If you’re in the job market (or you might be soon) it’s worth taking a fine-tooth comb to the verb choices on your resume. And while humility is a valuable soft skill that conveys emotional intelligence in the workplace, it has no place on a document highlighting your career accomplishments. Your resume is your one brief shot to stand out among hundreds of other candidates, and it needs to be filled with powerful action verbs that convey agency and impact — not those that put you in a “helping” position.
Why you shouldn’t say you “helped”
Recruiters and hiring managers may receive hundreds of applications for the same position. According to a 2018 “Eye Tracking” study conducted by Ladders, Inc., “The average initial screening time for a candidate’s resume clocks in at just 7.4 seconds.” With such little time to make an impression, it’s imperative your work achievements leap off the page. Using weak or passive verbs (think: assisted, utilised, contributed, held) can “undermine the strength and effectiveness of your resume” and cause an HR manager to toss your resume quicker than you can say you “participated in best-of-breed initiatives.”
Why you should use powerful action verbs instead
In an Instagram post, Brooklyn-based tech recruiter Alicia Whitney implored job seekers to “stop downplaying” the important things they’ve done in their careers and gave examples of “verbs to use on your resume instead of ‘helped’ or ‘assisted’ because you did way fucking more than that…We often naturally undercut ourselves and downplay our accomplishments, but your resume is the time to brag.”
Among her top picks were: Executed, overhauled, identified, produced, instituted, incorporated, achieved, delivered, partnered, spearheaded, analysed, incorporated, completed, advocated, and resolved. She emphasised that this was only a short list, but a quick Google search on “verbs for resume” would yield thousands of results. (It did, and our favourites include: Developed, launched, boosted, leveraged, chaired, enacted, established, outperformed, supervised, and pioneered — among countless others.)

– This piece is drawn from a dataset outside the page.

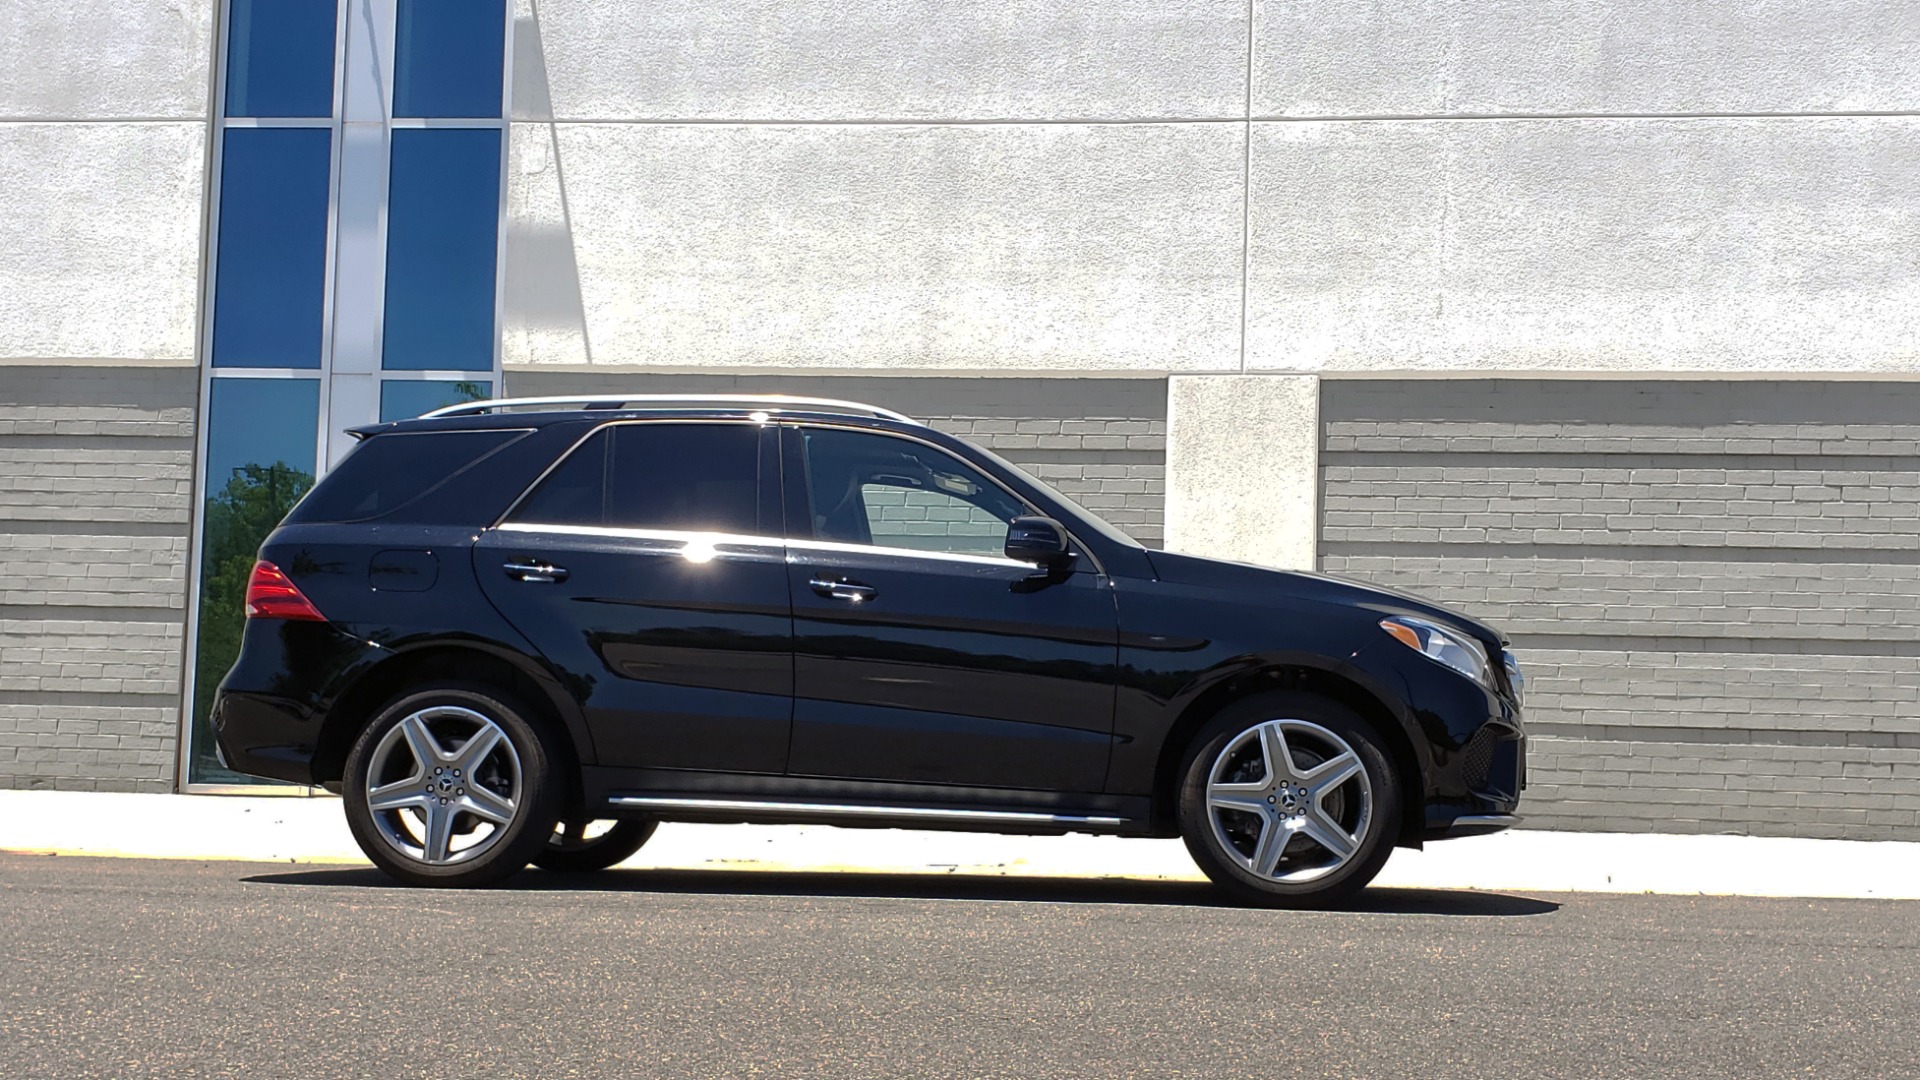 Used 2018 Mercedes-Benz GLE 350 4MATIC PREMIUM / NAV / AMG LINE INT / H/K SND / SUNROOF / REARVIEW for sale Sold at Formula Imports in Charlotte NC 28227 9

Indeed echoed the sentiment, saying not only do action verbs help the application shine, “They can also help job applicants get past software scanners that filter for the top candidates.” Consider this example:
Lacks strength and clarity: “Held weekly status meetings to share client updates.”
Empowered and detailed: “Spearheaded weekly status meetings to communicate agency revenue growth.”
The switch to a power verb and more detailed description (with facts, data, numbers, and symbols like ‘$’) make the contribution sound stronger and more impactful. Because why say that you “handled daily activities and long-term projects” when you could say that you “leveraged key data points to boost monthly sales by $10,000”?
A note on verb tense
It’s also important to maintain a consistent verb tense throughout. Past tense is acceptable for all verbs, though you can describe your experience in a current job using present tense. Be sure not to mix and match verb tenses within a single set of bullet points — all verb tenses should agree for any given role.